Wednesday, April 22, 2009

Just Say Anything

I was thinking about a quote from one of my favorite movies, Say Anything, with John Cusack. I remember it clearly, and every time I wonder about things, this quote comes to mind.

"Maybe the world is full of food and sex and spectacle and we're all just hurling towards an apocalypse, in which case it's not your fault. "

I often think that is the perfect description of my life. My life is nothing but food and sex and spectacle. Or at least it was for several years. I wanted to show off and show out as often as I could. Any kind of shiny thing in the world, any vice, any wanton desire, was my spectacle. And now that I want to stop, it is almost impossible. Its like asking me to stop breathing for the rest of my life. At which case, I would be dead. There goes my analogy with death and dieting.

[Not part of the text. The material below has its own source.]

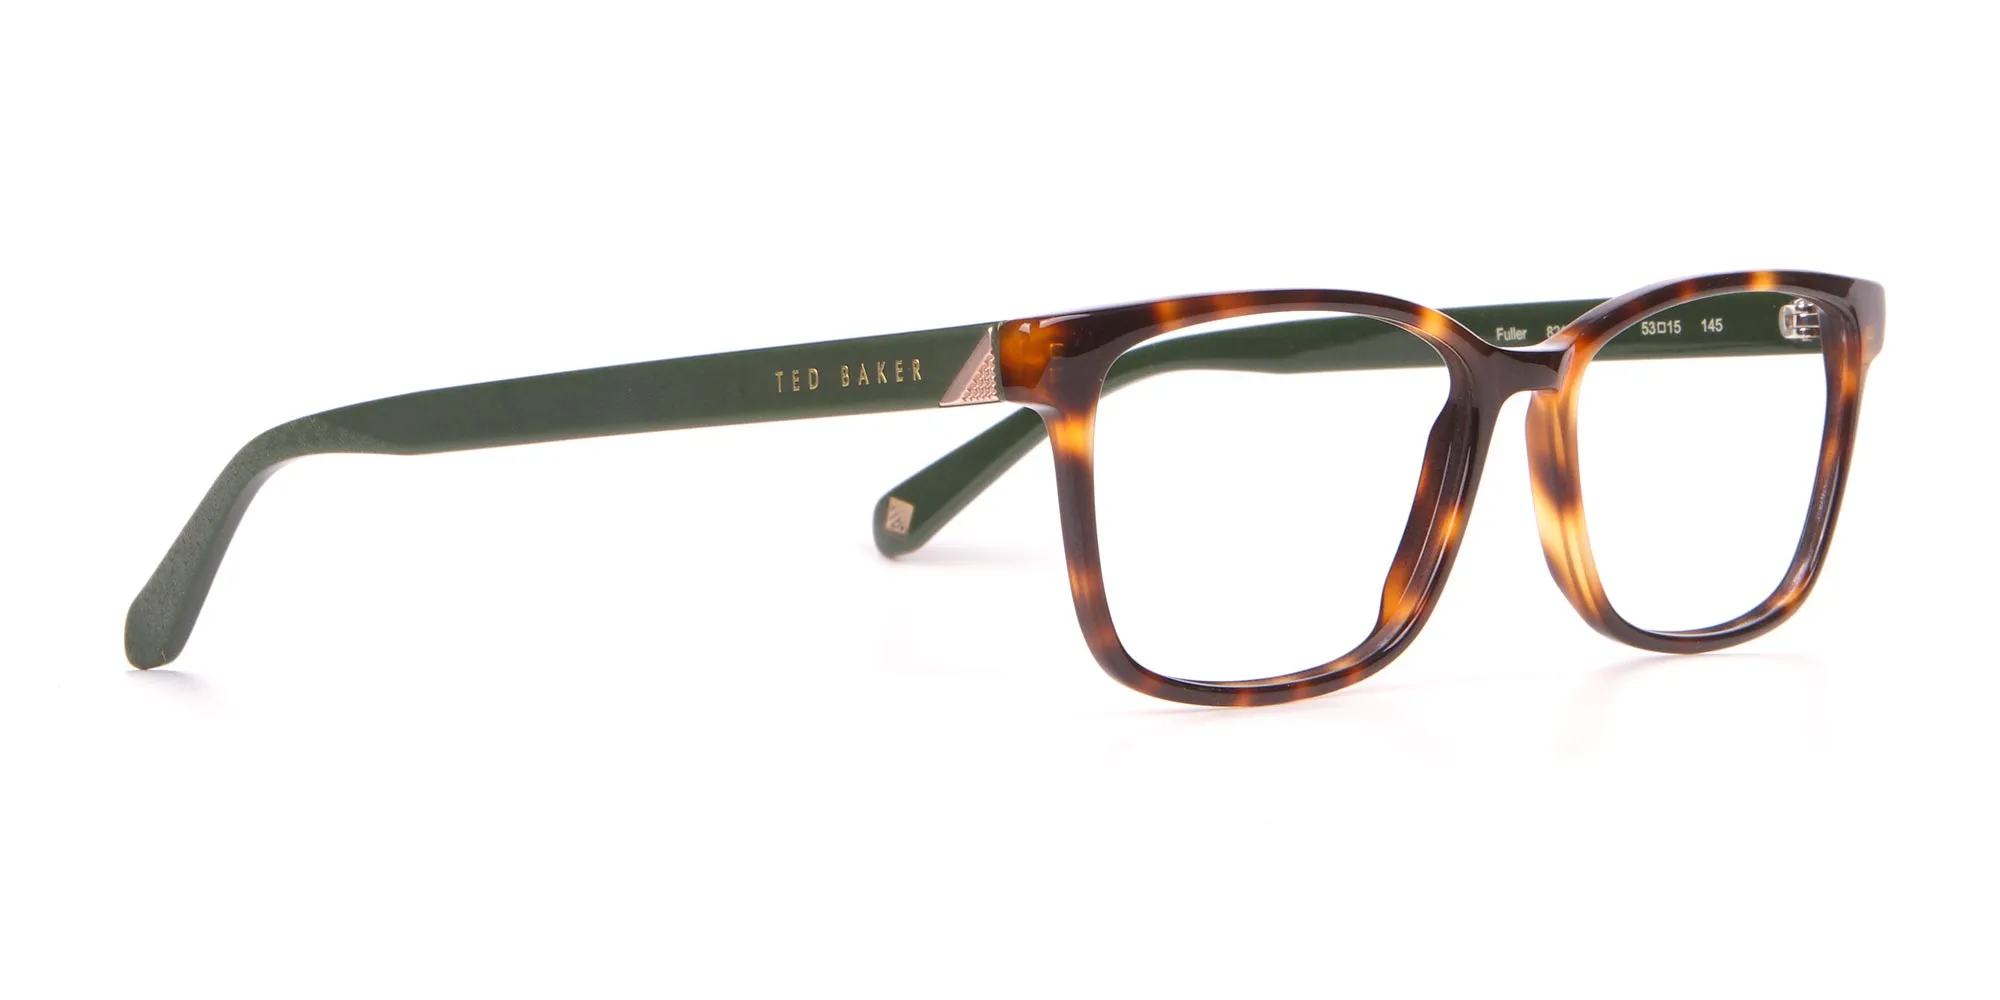 TED BAKER TB2810 FULLER Rectangle Glasses Green & Tortoise-2

Making me put a halt on what I want and desire is hard for me. I didn't have a lot when I was growing up. I had more than most, I will admit, but what I had wasn't much. My brains are the greatest asset I had. If I hadn't been smart, I would probably already be dead. But I think too much. And that adds to my food cravings, my wants, my needs...all of it.

I ate too much today and I'm depressed about it. Which only makes me want to eat more, which is a vicious cycle of emotional eating. I don't know why I let pain control my life, but it does every day and each time I think about it, I think, "Well great Dad, you won!" I somehow imagining him laughing at me in hell.

I have to look at a bright side today. I haven't had one of those nightmares lately. The last one I remember as clear as day, which sticks with me every day. The dream that my father turned into a demon with red eyes and laughed at me wickedly. I remember being awake in the dream, unable to manipulate the events and knowingly backing away from him. And then all the blood coming from the toilets and sinks in the house, everything exploding and decaying away into nothing. I have talked to my friends and family and even my pastor, and prayed very hard, to not be tormented by these dreams. At least lately they have backed off. But I often dread the next time I go to sleep.

I fall short of the grace today... but I hope and pray that I am renewed in His glory.